# St Barts Forums > Storm Tracker >  >  It's cold

## Voosh

It was a no-snow year here until we had a big, almost record setting, dump last week. Now it's downright chilly and will stay that way for a while. As some know, I spend a fair amount of time outdoors all year 'round. Nature always surprises me. Rarely see small critters out when it's this cold. It was about 5F (it did go below 0 during the night) when I ran across this furry bugger sitting on a branch this morn. Pulled out a granola bar and tossed some crumbs its way. Guess I made a new friend.

----------


## amyb

nice work

----------


## katva

Mighty cold, Voosh!

----------


## Voosh

Back up there, usually for me. 


 


Good thing I'm back here tonight. It's downright warm.  :evil: 


 


Yes. Yes. We didn't get the record painful snowdumps that some of you eastcoasters got. But, it is chilly here. Time to break out one of Albert's rhums.

----------


## Jeanette

This is the mountain of snow down the street at MIT before last night's blizzard. They are using a construction crane to pile the snow.

----------


## elgreaux

that's quite impressive.. I hear they are going to dump the snow into the sea to get rid of it.. the Boston snow party?

----------


## MIke R

Negative 12 this morning with a  wind  chill of negative 45.......school on two hour delay  to give the bus companies time to get the busses going....

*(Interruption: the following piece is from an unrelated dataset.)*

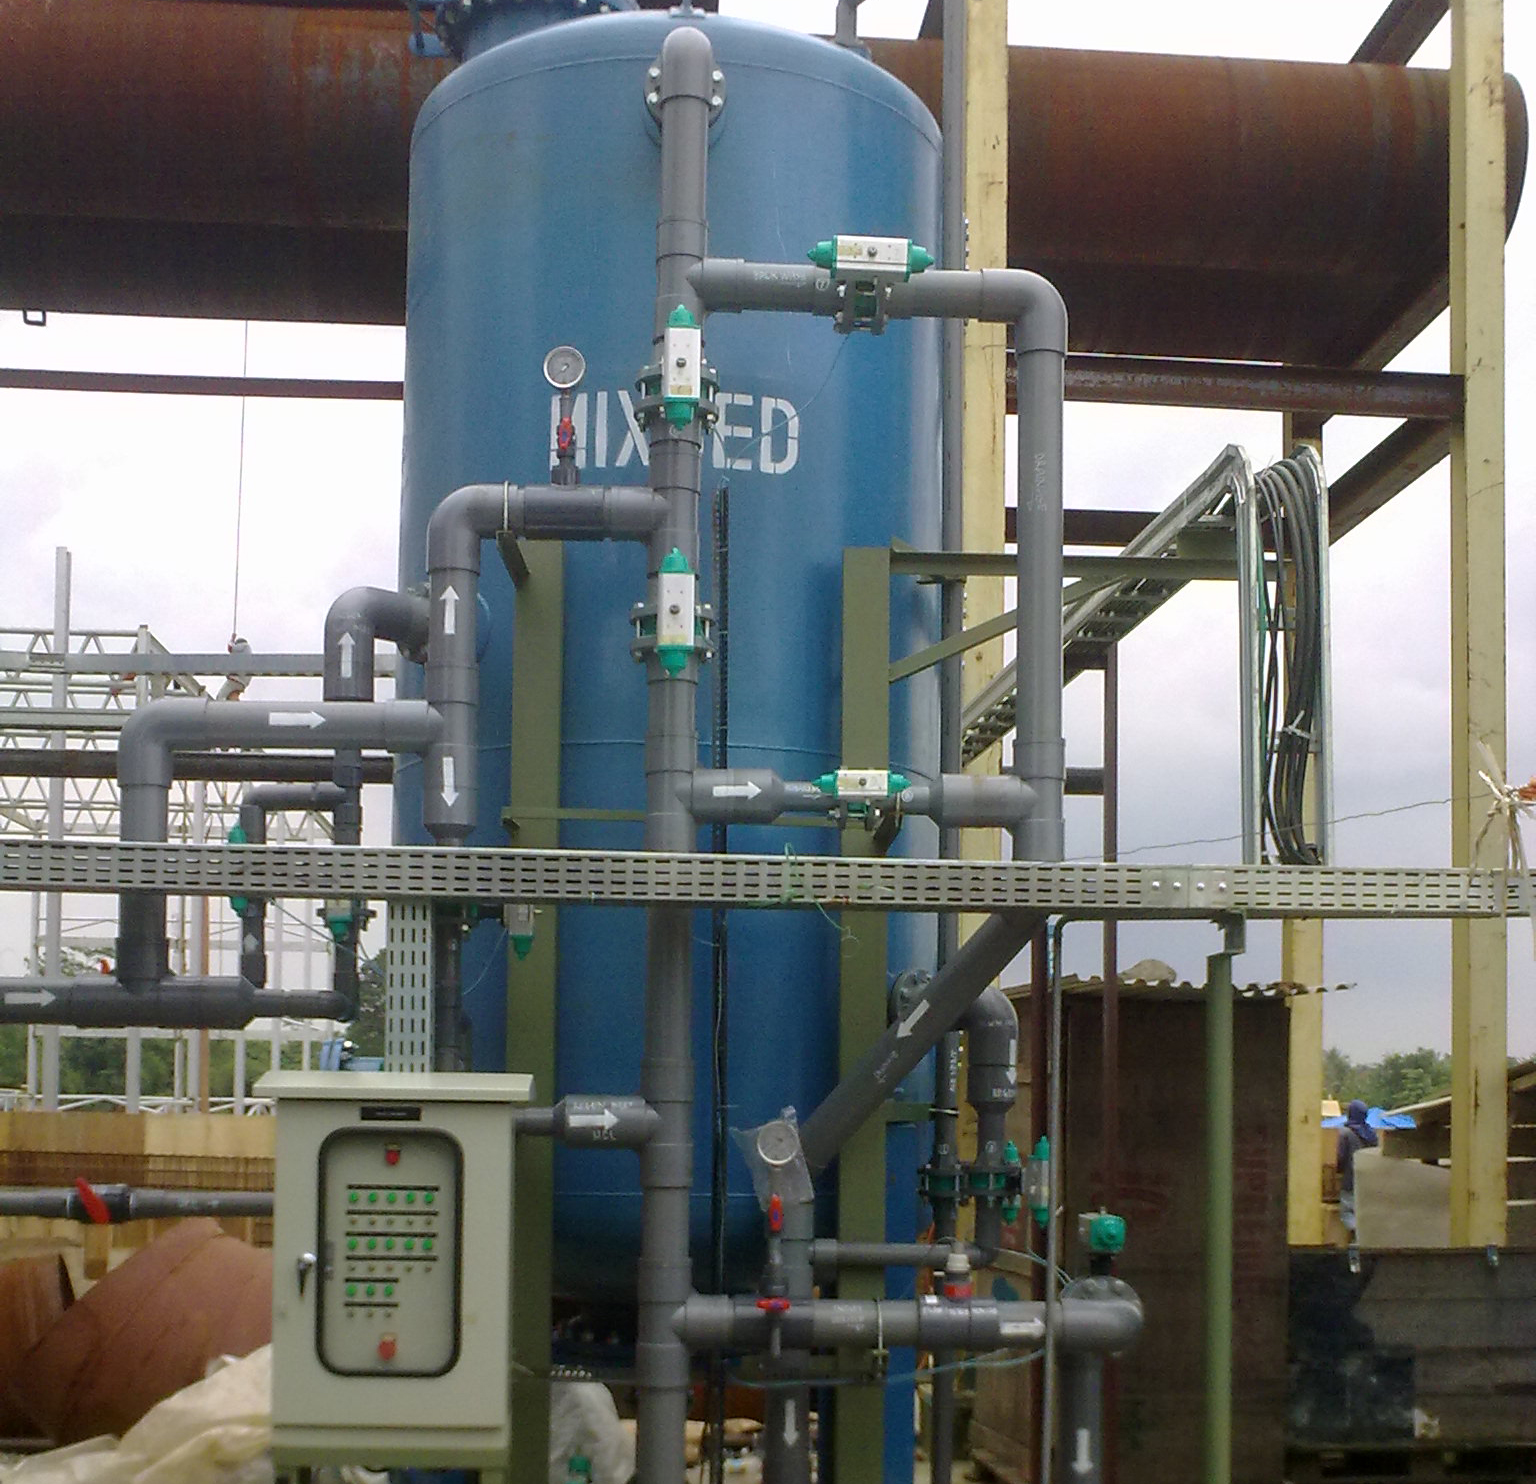 Mix Bed & Reverse Osmosis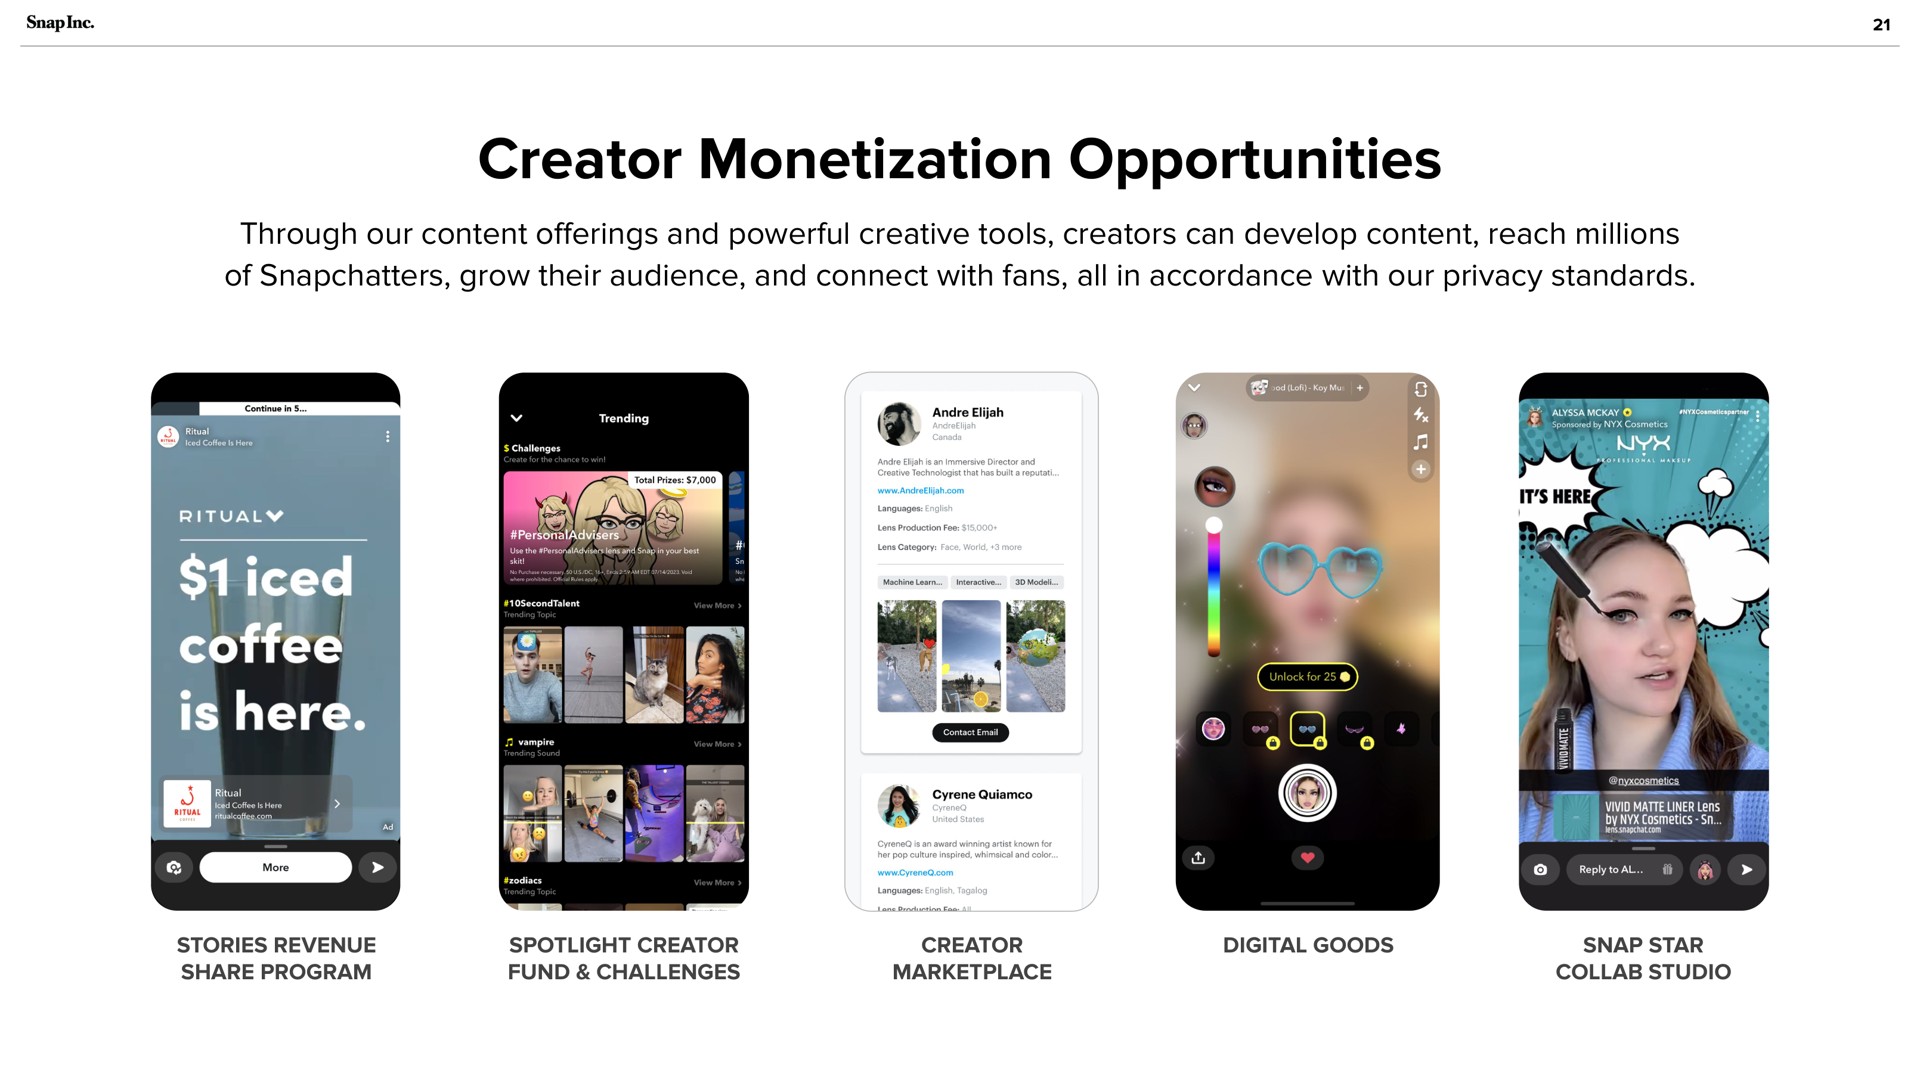 creator monetization opportunities sliced coffee is here | Snap Inc

ski lifts are running today but you would have  to be completely out of your mind to want to ski ....but with a sold out resort this week they will be up there giving it the ol college try I'm sure...

better them than me......We ll be in the shops  waiting for them

----------


## andynap

We are ONLY at 3 with a wind chill of -15. It's really brutal outside.

----------


## NYCFred

> that's quite impressive.. I hear they are going to dump the snow into the sea to get rid of it.. the Boston snow party?



Don't have think so...dumping snow will put all kinds of nasty chemicals in the ocean...like salt.

----------


## amyb

So cold--getting the paper this morning was chilling.

OK-I am counting. "Have to get out of this place"

----------


## MIke R

> Don't have think so...dumping snow will put all kinds of nasty chemicals in the ocean...like salt.




Salt isn't the issue.....magnesium chloride and calcium chloride are the issues....that would be a really bad idea but how much you wanna bet they do it anyway? .....Boston is already dumping 350,000 gallons of "treated" sewerage fresh water  everyday into Mass Bay ....whats a little snow among friends?

----------


## MIke R

> So cold--getting the paper this morning was chilling.
> 
> OK-I am counting. "Have to get out of this place"




Yeah im actually looking forward to Southern California in two weeks.......what good is all this great snow if you can't get out and ski it!!!!!......crazy winter for sure

----------


## stbartshopper

As the song says, 'Baby it's cold outside!'

----------


## KevinS

MA communities are usually banned from dumping snow into the sea by the state Department of Environmental Prevention.  There are exceptions that are made during emergencies.  Some towns are known to have done some sea dumping.  Boston, at least at this point, thinks that they may not have to go quite that far.  They've borrowed and purchased massive snow melters to help get rid of the snow.  Nobody has mentioned just where the melt water goes...

----------


## MIke R

> .  Nobody has mentioned just where the melt water goes...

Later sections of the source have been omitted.